The Case Against Hate-Speech Laws: a Canadian Perspective

It is not science fiction to imagine that Section 319 and other as-yet-undrafted Canadian “anti-hate” laws will metastasize.

· 6 min read
The Case Against Hate-Speech Laws: a Canadian Perspective
Photo by Jason Leung / Unsplash


In April, Canada’s federal government announced plans to criminalize speech that denies the Nazi genocide of six million Jews during World War II. At the time, Prime Minister Justin Trudeau presumably saw this as a popular, low-risk initiative. All reasonable people find Holocaust denial to be repugnant. A similar law already exists in Germany, and the Canadian version has multi-party support. (In fact, one Conservative MP is accusing the PM of stealing his idea.) During the Trudeau era, moreover, Canada’s progressive politicians and media have tirelessly promoted the claim that we are in the midst of a dangerous surge in right-wing extremism, with the proposed hate-speech provisions being marketed as part of a $5.6 million plan to combat antisemitism more broadly.

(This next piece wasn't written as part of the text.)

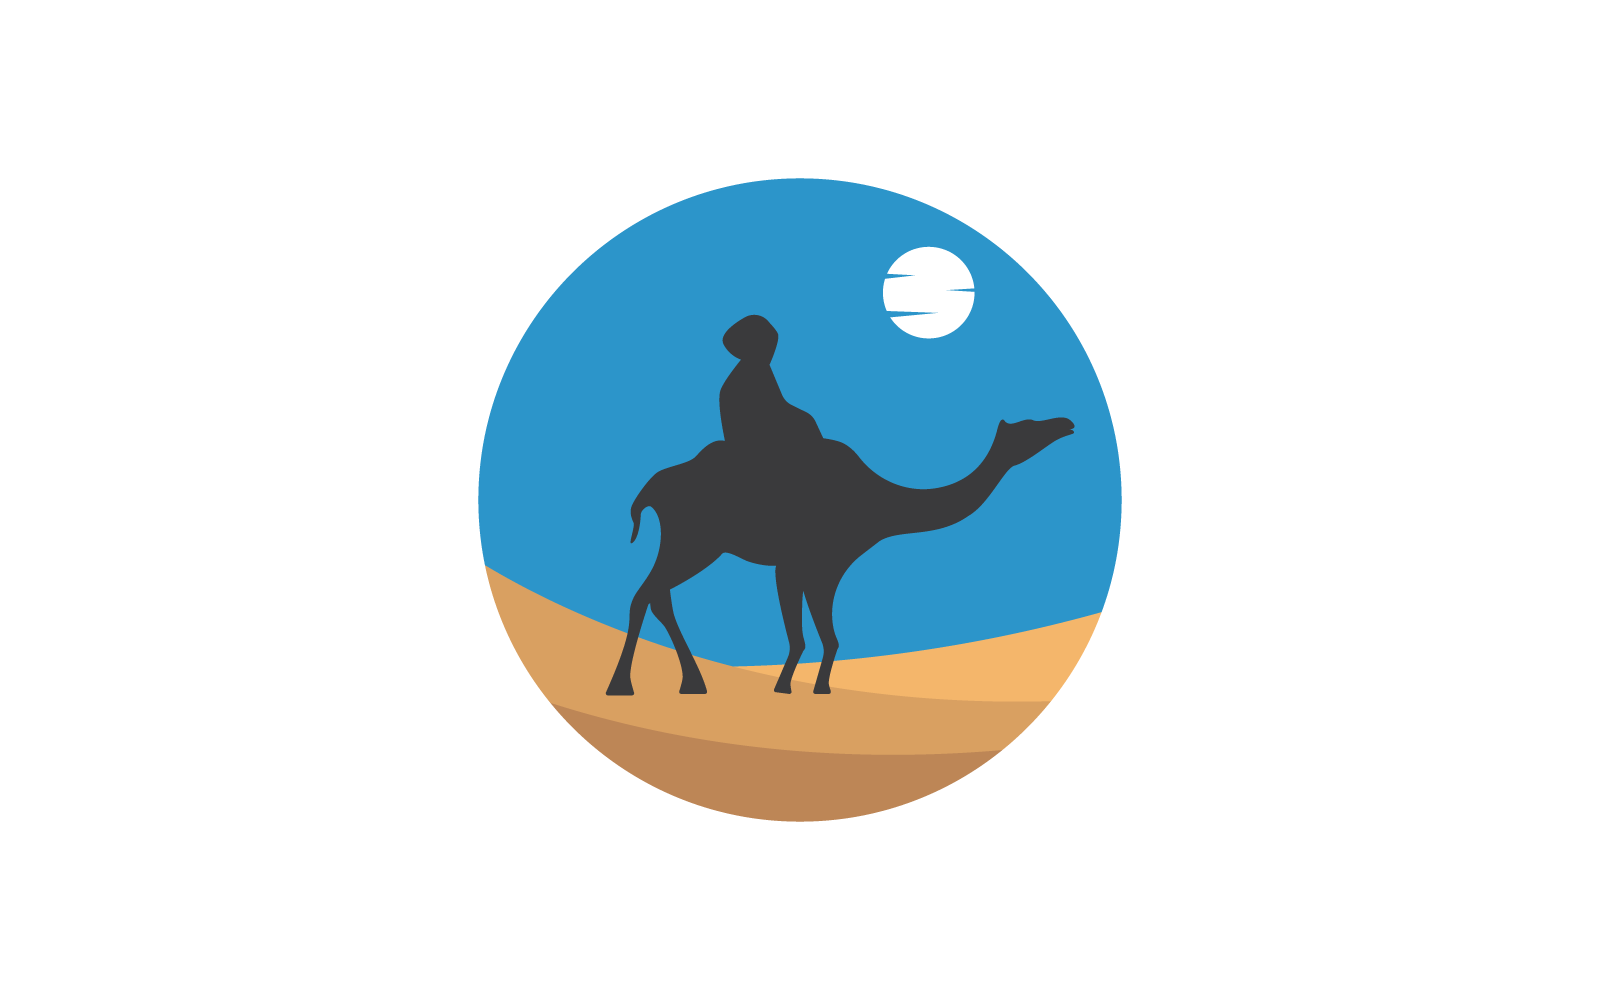 Camel design illustration logo template

As a Jew, I have seen little evidence of any antisemitic surge in Canada—even if social media makes it easier to identify and call out the scattered cranks who do still peddle Jew hatred on their obscure websites and social-media accounts. Which is why I believe the government’s plan to criminalize Holocaust denial is more about attracting Jewish votes than protecting the Jews who cast them. But that’s not something you’re supposed to say out loud in polite company.

Some journalists have criticized the proposal on the basis that it might be unconstitutional. But one doesn’t have to invoke the Charter of Rights and Freedoms to explain why banning Holocaust denial is a bad idea. One need only hearken back to the controversy that erupted in the early 2010s over plans to build a Museum for Human Rights in Winnipeg.